1. Build the sample
    1.1 On your machine, go to the Cupti_trace_injection sample directory.
    1.2 A template Makefile is present which will let you build the sample out of the box.
    1.3 For windows need to build detours library from source. Refer following steps to build it.
    	a. Download source code from https://github.com/microsoft/Detours
    	b. Unzip and go to Detours folder
    	c. set DETOURS_TARGET_PROCESSOR=X64
    	d. "Program Files (x86)\Microsoft Visual Studio\<version>\Professional\VC\Auxiliary\Build\vcvarsall.bat" x64
    	e. NMAKE
    	f. copy detours.h and detours.lib in sample folder.
    1.4 Run make. For linux the dynamic library libcupti_trace_injection.so and for windows libcupti_trace_injection.dll should be created in the folder.

2. Run the CUDA application after setting the environment variable CUDA_INJECTION64_PATH to the path of the injection library.
   When CUDA_INJECTION64_PATH is set to a shared library, at initialization, CUDA will load the shared object and call the function named 'InitializeInjection'.
   CUDA application needs not to be modified.

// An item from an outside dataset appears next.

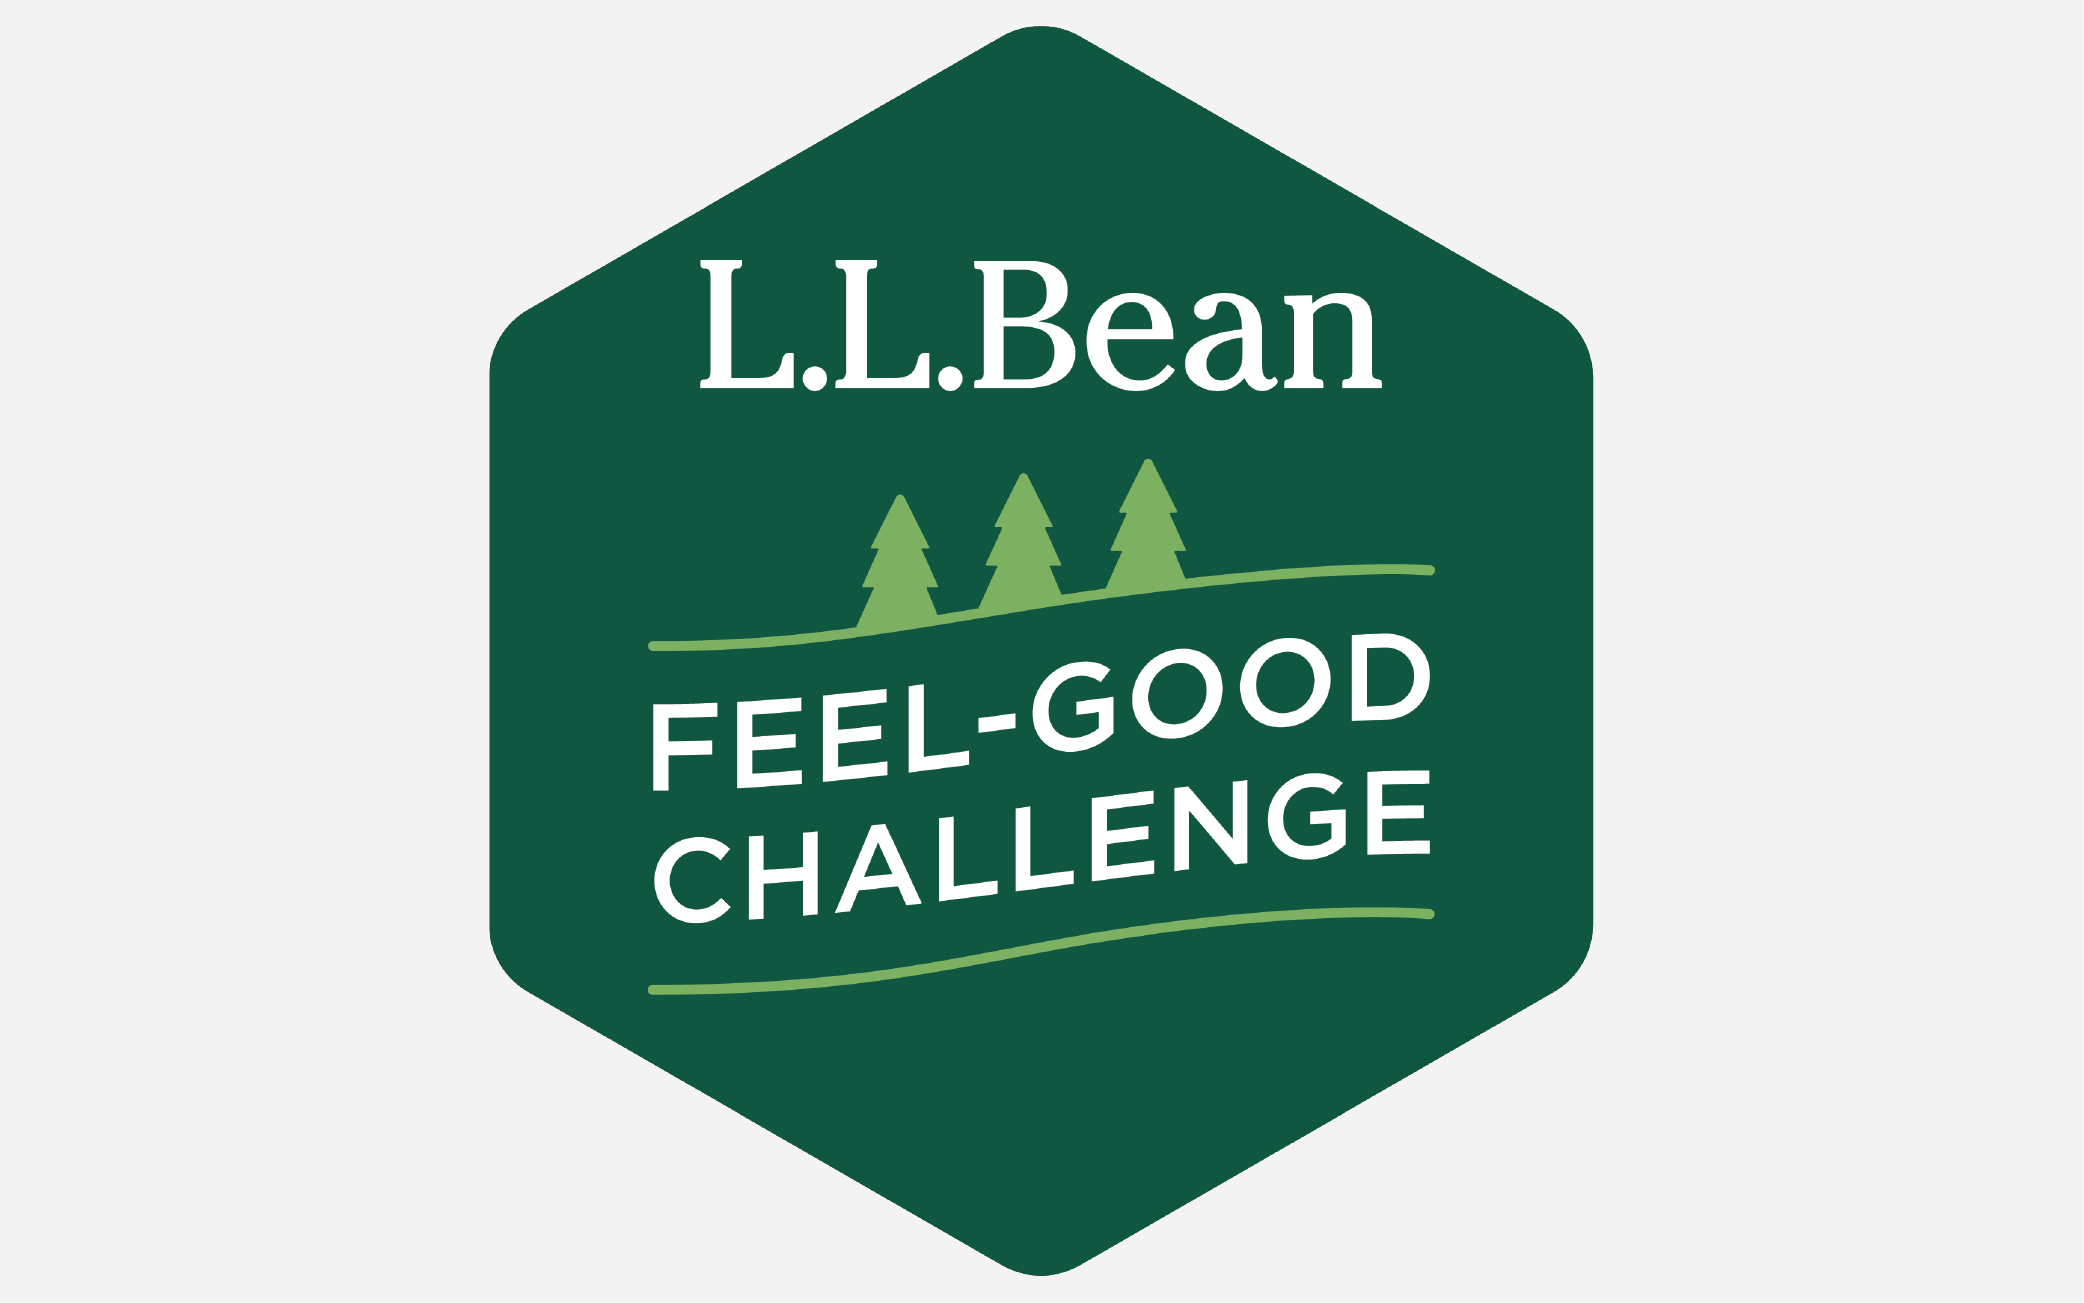 L.L. Bean Feel-Good Challenge

   To generate NVTX activity records, set the environment variable NVTX_INJECTION64_PATH to the path of the CUPTI library.
 
    2.1  On Linux,
            $ export CUDA_INJECTION64_PATH=<full_path>/libcupti_trace_injection.so
            $ export NVTX_INJECTION64_PATH=<full_path>/libcupti.so
            $ <run CUDA application>
    2.2  On Windows,
            > set CUDA_INJECTION64_PATH=<full_path>/libcupti_trace_injection.dll
            > set NVTX_INJECTION64_PATH=<full_path>/cupti.dll
            > <run CUDA application>